今回、私が抱える問題について皆様からのコメントをいただければと思い、このトピックを作成しました。

現在、JAXラボより購入したCD11c-Creマウス(#008068)と私たちの興味ある遺伝子Aのfloxedマウスと交配させ、そのマウスおよびlittermateのマウスを使用し、樹状細胞 (DC) におけるタンパク質Aの発現をフローサイトメトリー(LSR-II)にて確認することを行っています。

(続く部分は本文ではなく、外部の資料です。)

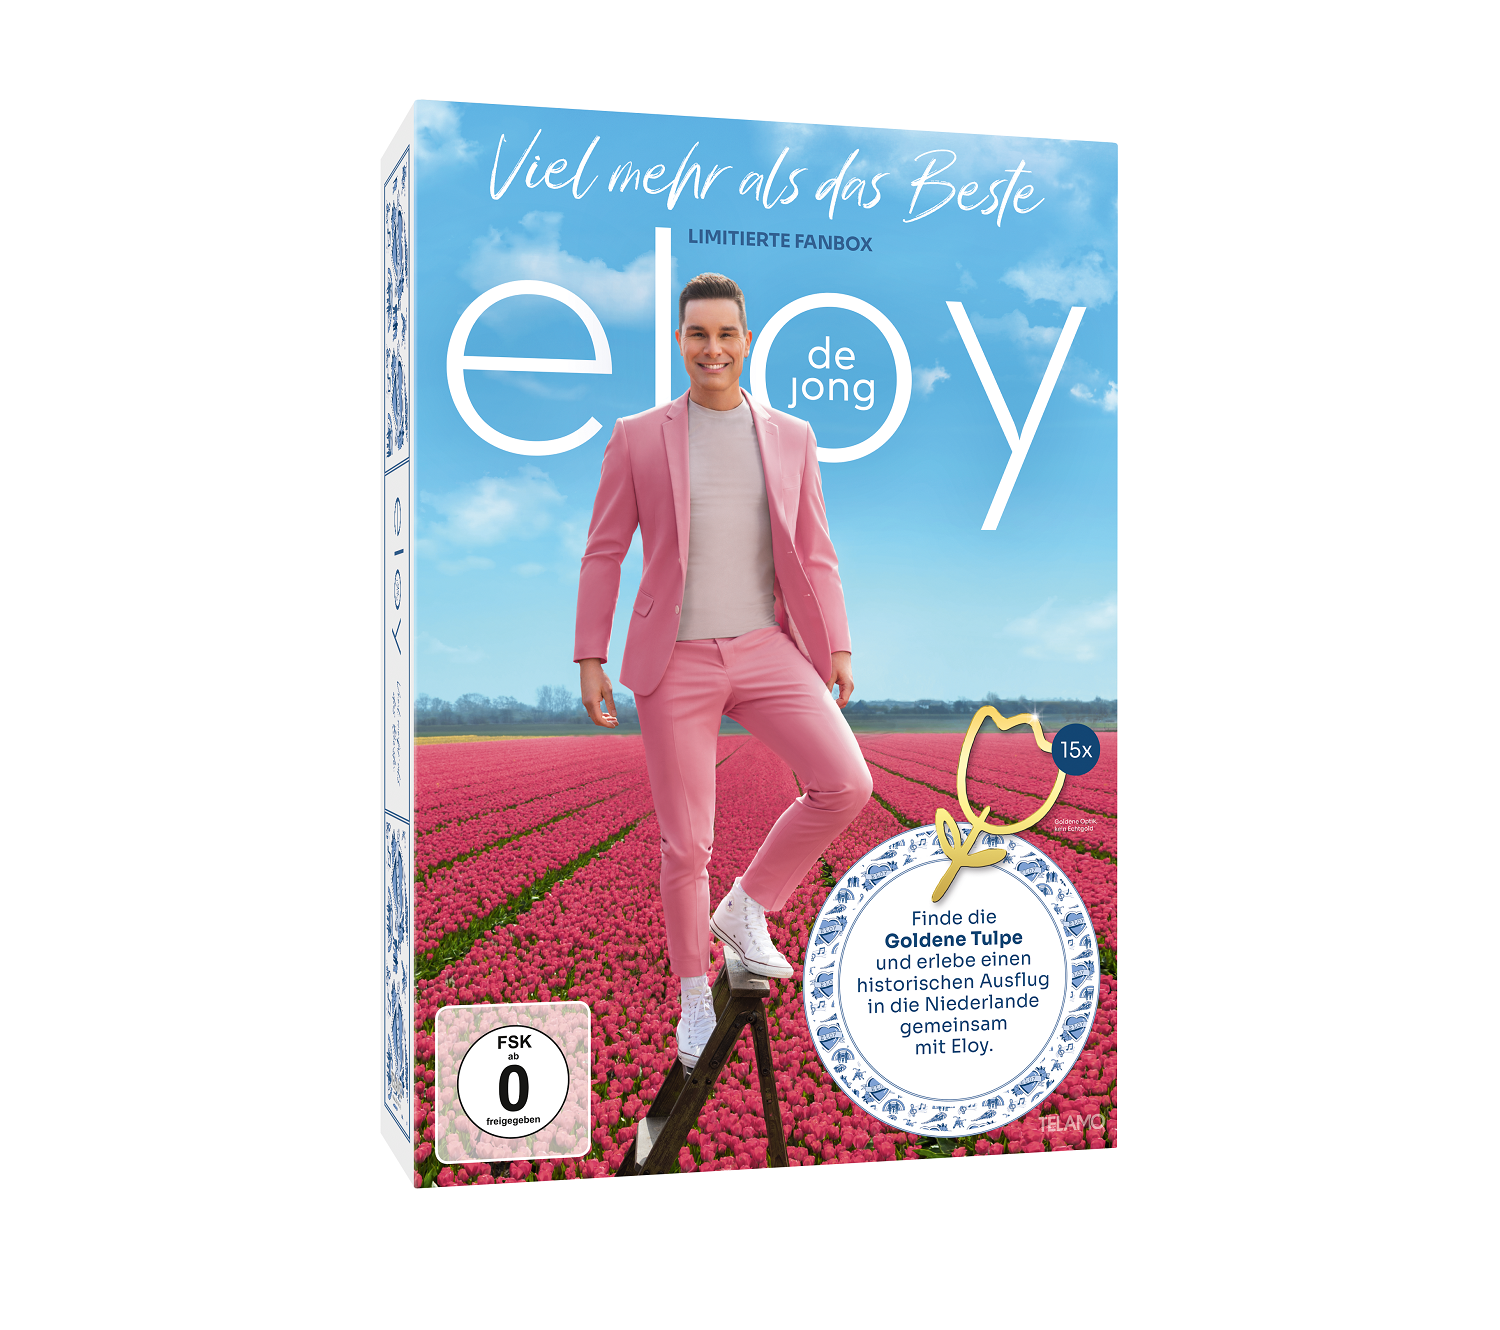 mehr Edition) das Video) DVD Eloy Beste(Ltd.Fanbox - Viel Jong De als + - (CD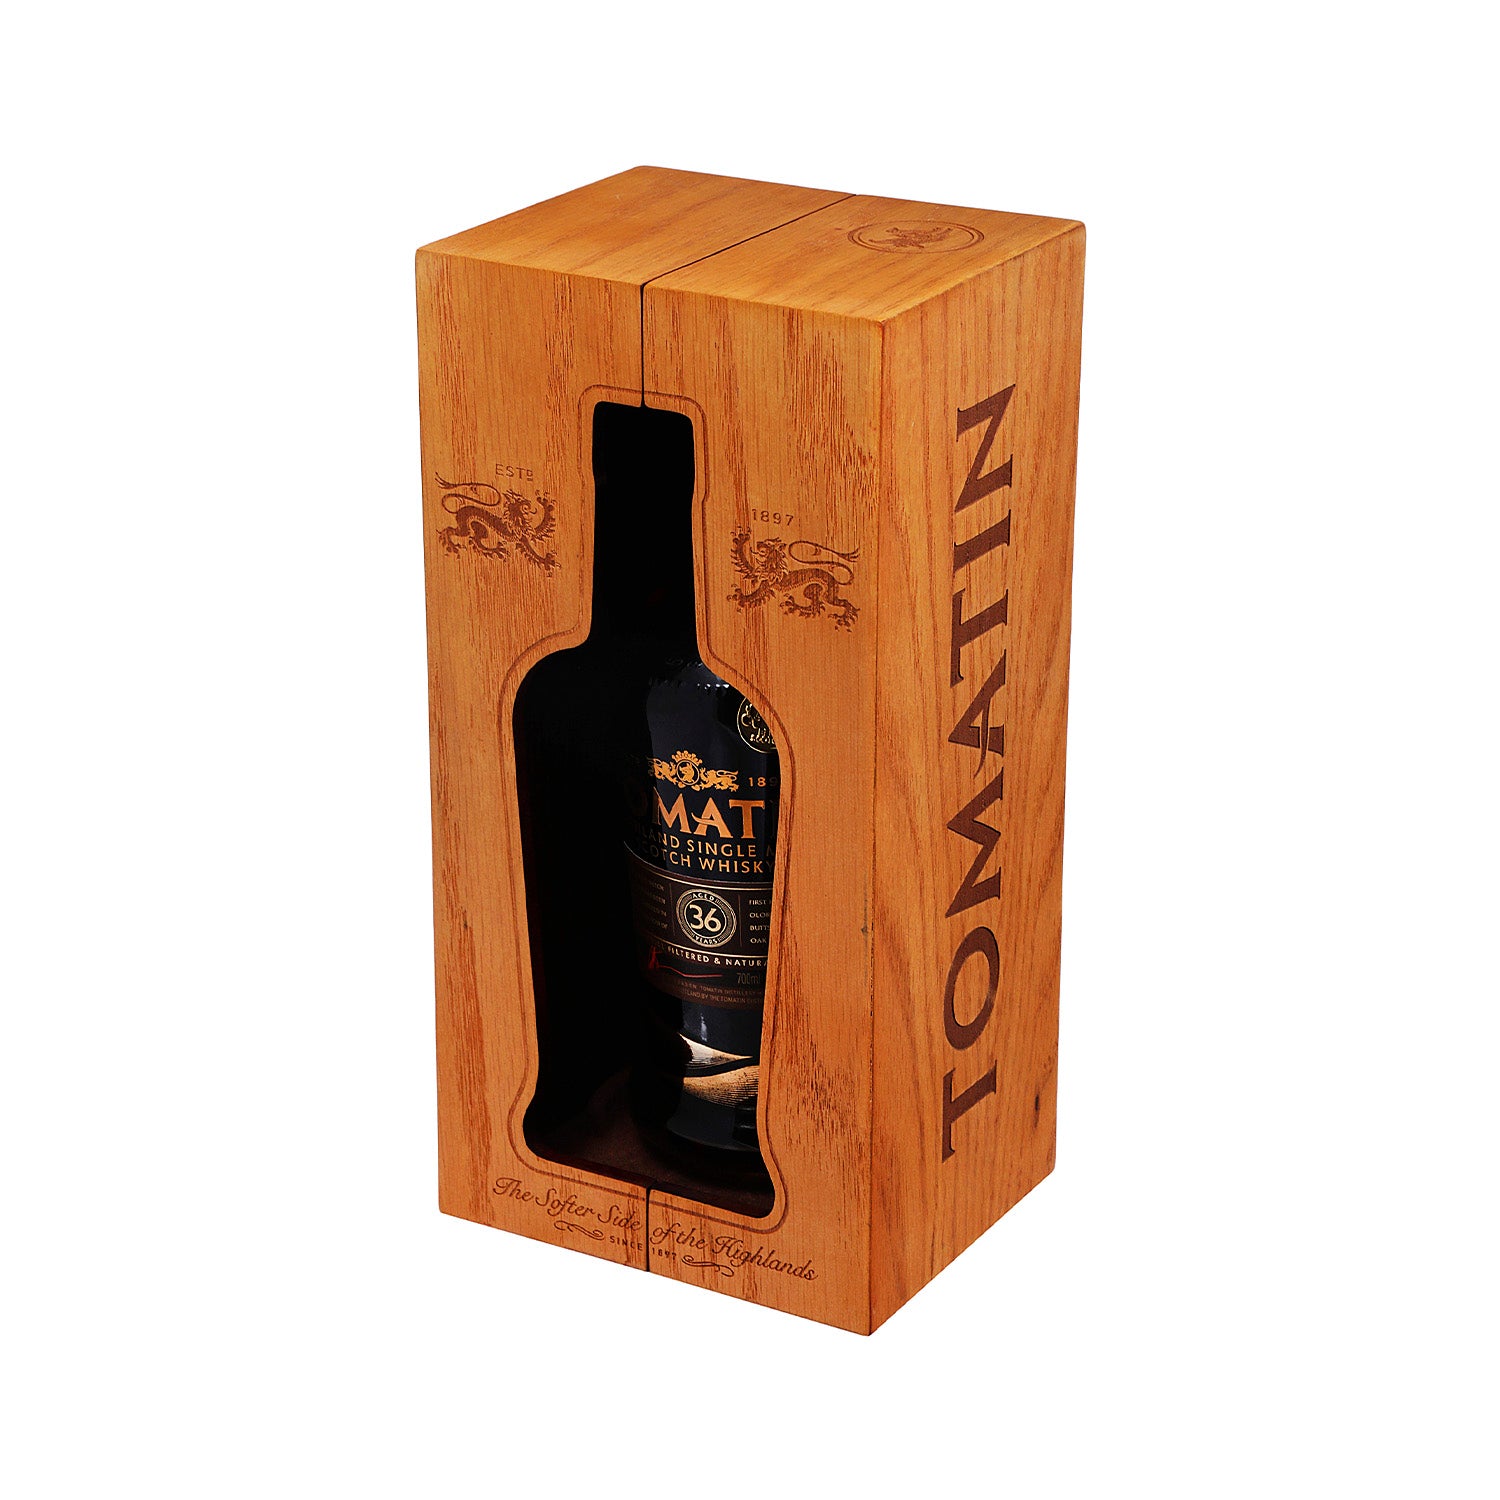 Whisky - Tomatin 36 años - 700 ml

マウス週齢は9ヶ月以降の♂マウスが利用できたので、それを使用しました。

手順は脾臓を取り出しシングルセルにした後に赤血球溶血バッファーにて溶血後、抗体染色を行い、最後にPIで染色したものを解析しています。

その結果、DC特異的なノックマウスにおいても、littermateと変わらずシグナルが検出されてしまいました。抗体の特異性を疑い、市販で論文でも実績のある2種類を試してみましたが、結果は変わらずでした。

可能性として以下を考えています。
1. タンパク質Aに対する抗体の特異性が低い可能性
2. Genotypeに使用するprimerが、CD11c-Creではなく別のCreのprimerである可能性
3. JAXラボより購入したCD11c-Creマウスが、CD11c-Cre-ERの可能性
4. タンパク質Aの寿命が極めて長い可能性
5. CD11c-Cre 遺伝子座のプロモータのメチル化などのepigeneticな発現抑制の可能性
6. undeleted cellによる代償増殖によりpopularityがrecoveryした可能性

を考えています。まだあるかもしれません。。
1に関してはその可能性は残っていますが、別の組織で別の細胞なのですが、タンパク質Aを飛ばした際にはその抗体はノックアウトマウスではきちんと発現が消えていることを確認しています。
2と3に関しては正しい事を確認しました。
4に関してですが、今回9週齢のマウスを用いたのでその可能性は極めて低いものと考えています。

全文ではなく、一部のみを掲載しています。